Step 4: Verify by Calculating Standard Deviation (Formula: \( s = \sqrt{\frac{\sum (x_i - \bar{x})^2}{n - 1}} \))

For Set 1:

• Mean \( \bar{x}_1 = \frac{4 + 7 + 7 + 7 + 10}{5} = \frac{35}{5} = 7 \)
• Deviations: \( (4 - 7)^2 = 9 \), \( (7 - 7)^2 = 0 \) (three times), \( (10 - 7)^2 = 9 \)
• Sum of squared deviations: \( 9 + 0 + 0 + 0 + 9 = 18 \)
• Variance: \( \frac{18}{5 - 1} = \frac{18}{4} = 4.5 \)
• Standard deviation: \( s_1 = \sqrt{4.5} \approx 2.12 \)

For Set 2:

• Mean \( \bar{x}_2 = \frac{4 + 6 + 7 + 8 + 10}{5} = \frac{35}{5} = 7 \)
• Deviations: \( (4 - 7)^2 = 9 \), \( (6 - 7)^2 = 1 \), \( (7 - 7)^2 = 0 \), \( (8 - 7)^2 = 1 \), \( (10 - 7)^2 = 9 \)
• Sum of squared deviations: \( 9 + 1 + 0 + 1 + 9 = 20 \)
• Variance: \( \frac{20}{5 - 1} = \frac{20}{4} = 5 \)
• Standard deviation: \( s_2 = \sqrt{5} \approx 2.24 \)

Final Answer (for part a)

Set 2 (\( 4, 6, 7, 8, 10 \)) has a larger standard deviation because its values are more spread out (less clustered) than Set 1. The calculated standard deviations confirm this: \( s_1 \approx 2.12 \) and \( s_2 \approx 2.24 \).

Answer:

Let's solve part (a) of problem 22 (Standard Deviation II) as an example.

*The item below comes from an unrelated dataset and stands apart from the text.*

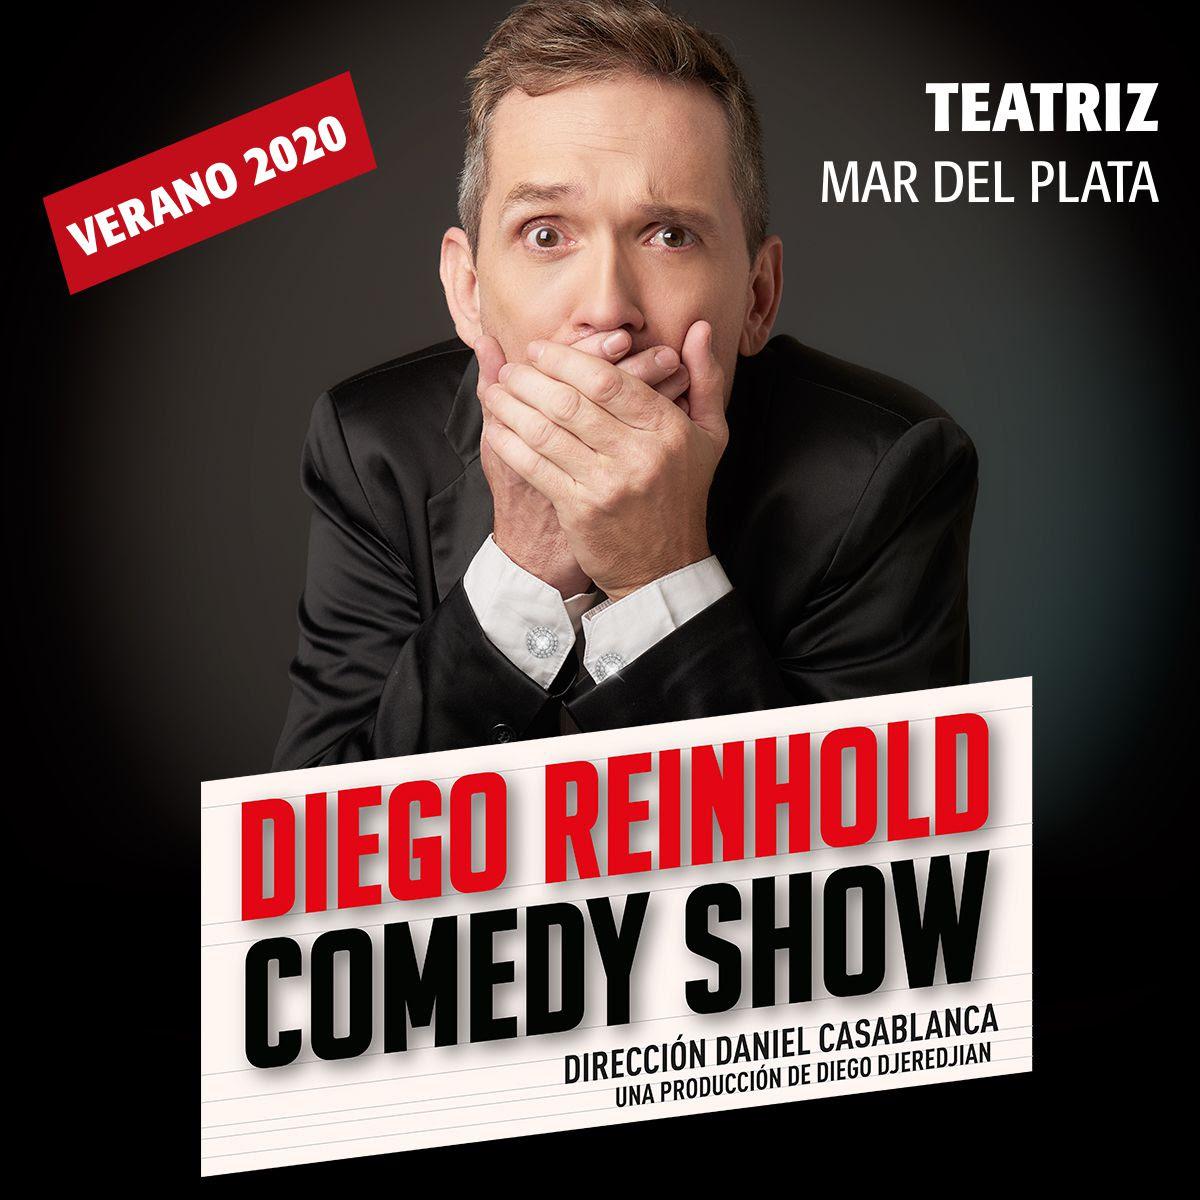 Diego Reinhold llega con su Comedy Show a Mar del Plata

Step 1: Recall the concept of standard deviation

Standard deviation measures the spread (variability) of data points around the mean. A larger standard deviation means the data is more spread out.

Step 2: Analyze Set 1 and Set 2 (part a)

• Set 1: \( 4, 7, 7, 7, 10 \)

Most values are clustered around \( 7 \) (three \( 7 \)s), with \( 4 \) and \( 10 \) as outliers.

• Set 2: \( 4, 6, 7, 8, 10 \)

Values are more evenly distributed: \( 4, 6, 7, 8, 10 \) (no repeated values, spread from \( 4 \) to \( 10 \) with intermediate values).

Step 3: Intuitive Comparison

Set 2 has values that are more spread out (less clustering) than Set 1. Thus, Set 2 should have a larger standard deviation.

Step 4: Verify by Calculating Standard Deviation (Formula: \( s = \sqrt{\frac{\sum (x_i - \bar{x})^2}{n - 1}} \))

For Set 1:

• Mean \( \bar{x}_1 = \frac{4 + 7 + 7 + 7 + 10}{5} = \frac{35}{5} = 7 \)
• Deviations: \( (4 - 7)^2 = 9 \), \( (7 - 7)^2 = 0 \) (three times), \( (10 - 7)^2 = 9 \)
• Sum of squared deviations: \( 9 + 0 + 0 + 0 + 9 = 18 \)
• Variance: \( \frac{18}{5 - 1} = \frac{18}{4} = 4.5 \)
• Standard deviation: \( s_1 = \sqrt{4.5} \approx 2.12 \)

For Set 2:

• Mean \( \bar{x}_2 = \frac{4 + 6 + 7 + 8 + 10}{5} = \frac{35}{5} = 7 \)
• Deviations: \( (4 - 7)^2 = 9 \), \( (6 - 7)^2 = 1 \), \( (7 - 7)^2 = 0 \), \( (8 - 7)^2 = 1 \), \( (10 - 7)^2 = 9 \)
• Sum of squared deviations: \( 9 + 1 + 0 + 1 + 9 = 20 \)
• Variance: \( \frac{20}{5 - 1} = \frac{20}{4} = 5 \)
• Standard deviation: \( s_2 = \sqrt{5} \approx 2.24 \)

Final Answer (for part a)

Set 2 (\( 4, 6, 7, 8, 10 \)) has a larger standard deviation because its values are more spread out (less clustered) than Set 1. The calculated standard deviations confirm this: \( s_1 \approx 2.12 \) and \( s_2 \approx 2.24 \).